Only the text should come through, so restate the listing exactly and drop its images.

## Recorded data

_ _ _

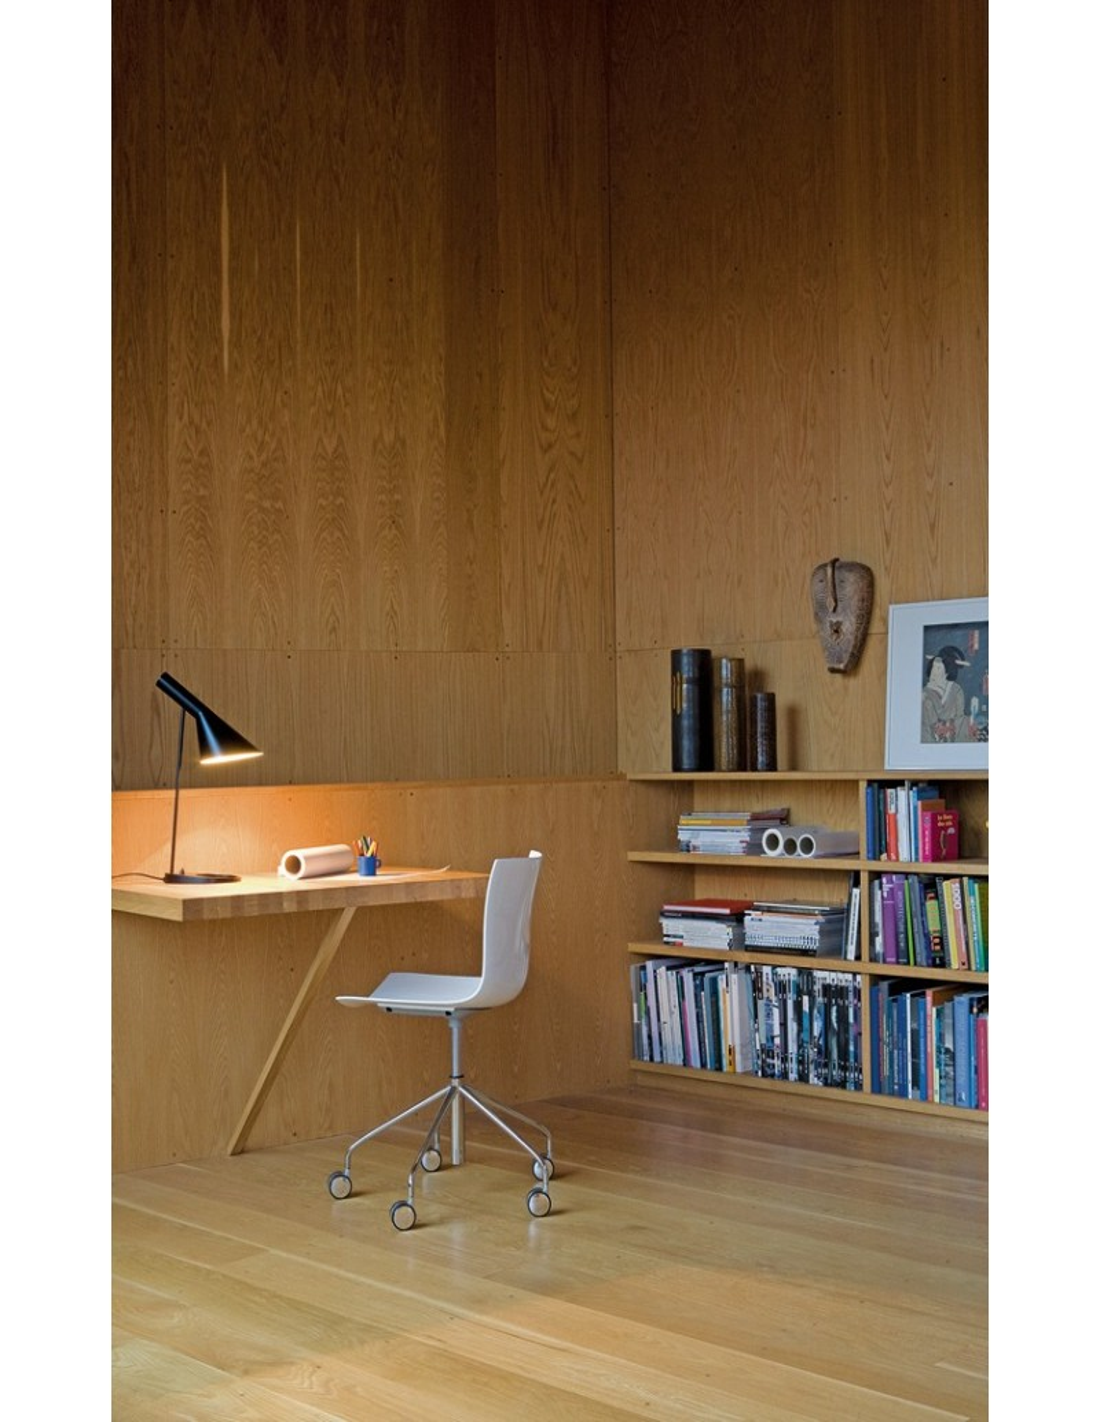 aj table lamp arne jacobsen design for louis poulsen la. Black Bedroom Furniture Sets. Home Design Ideas
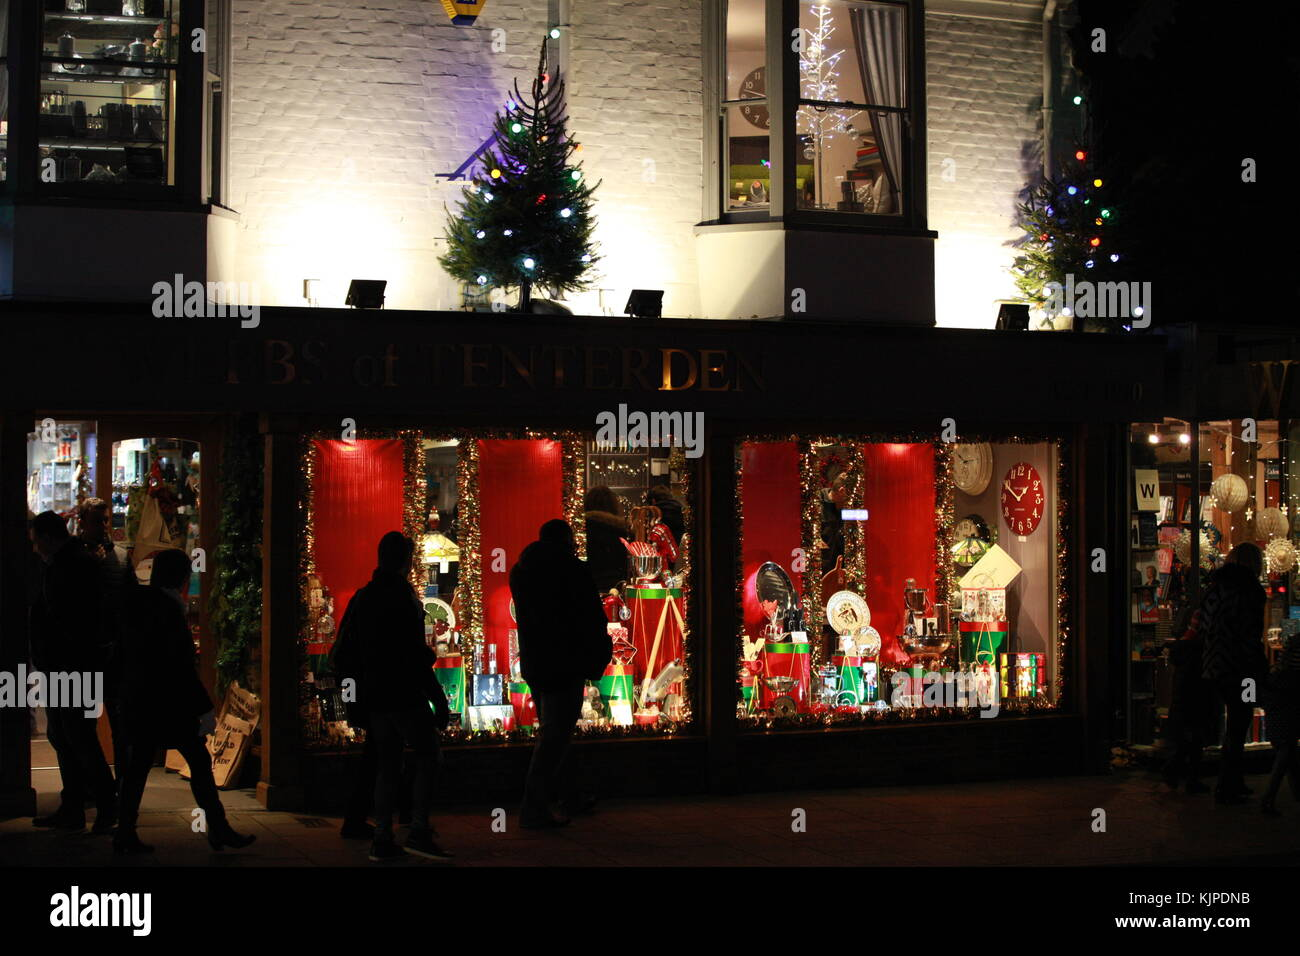 Tenterden, Kent, UK. 25th November 2017. A colourful Christmas Stock ...
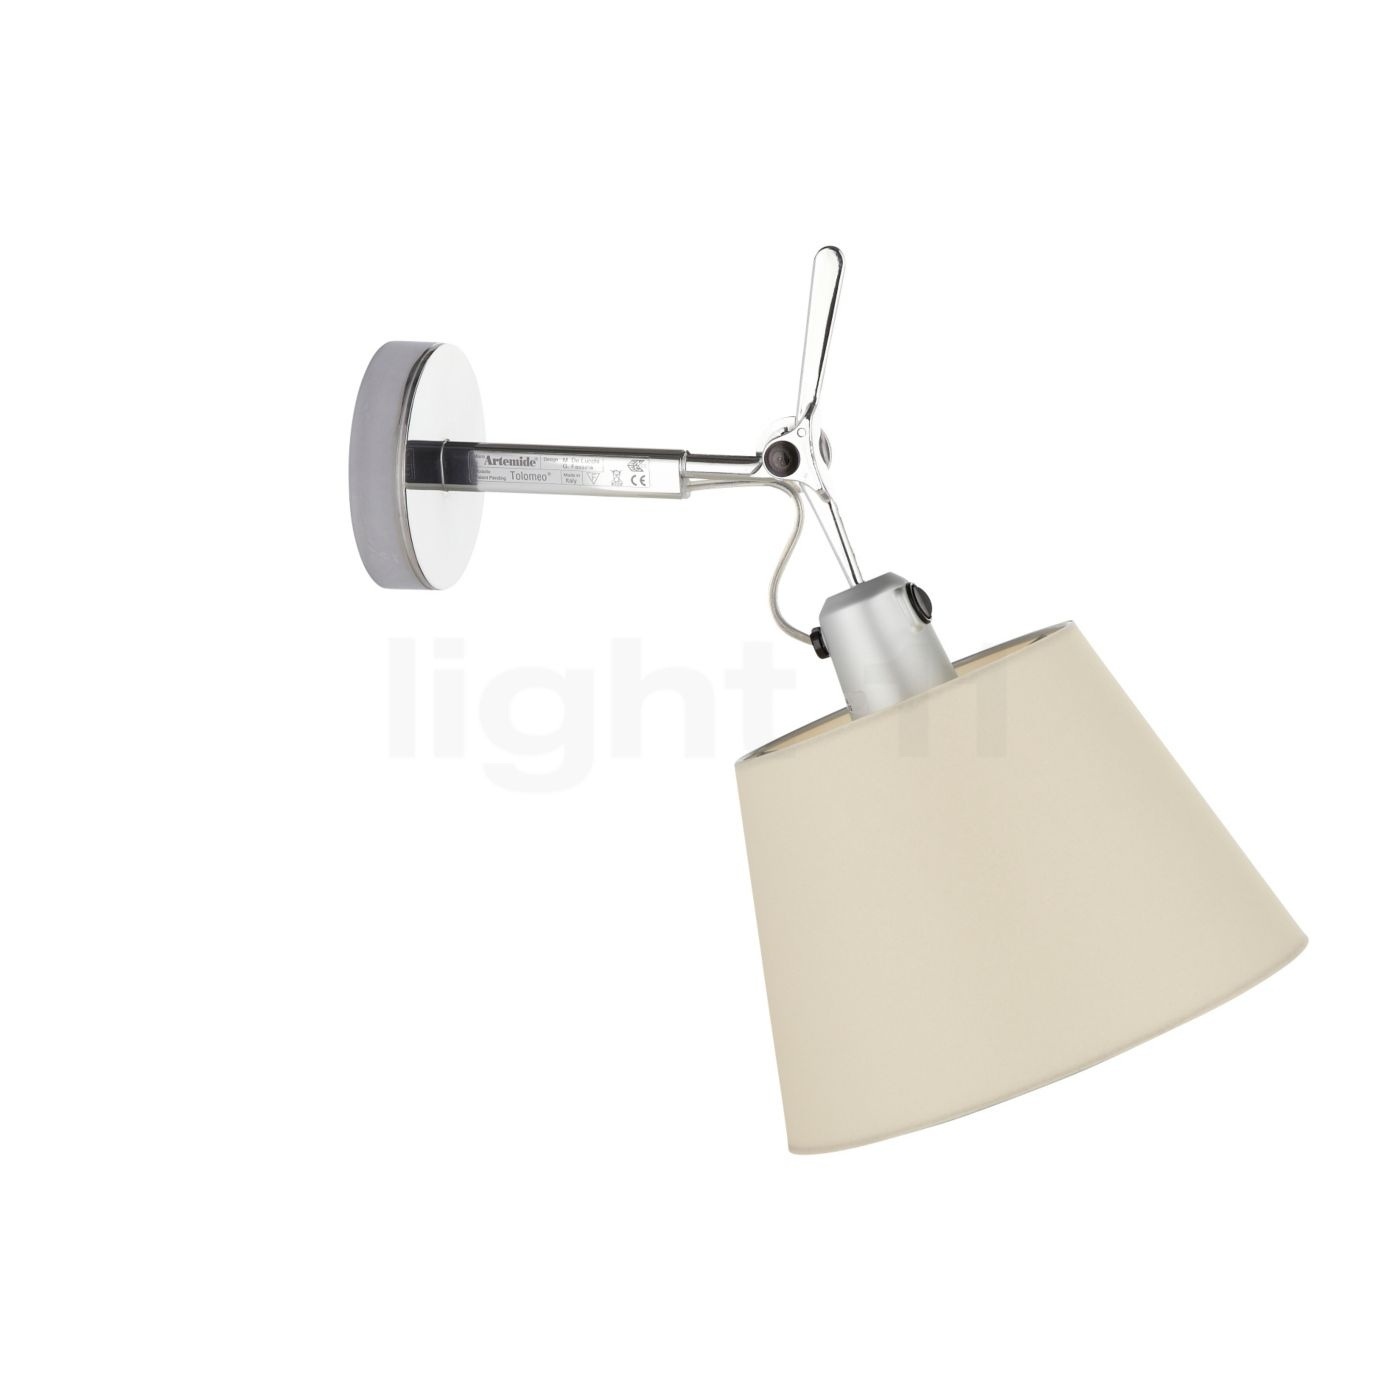 Artemide Tolomeo Parete Diffuser Wall Lights   Light11.eu

_ _ _

## Your solution
 aj table lamp arne jacobsen design for louis poulsen la. Black Bedroom Furniture Sets. Home Design Ideas
 Tenterden, Kent, UK. 25th November 2017. A colourful Christmas Stock ...
 Artemide Tolomeo Parete Diffuser Wall Lights   Light11.eu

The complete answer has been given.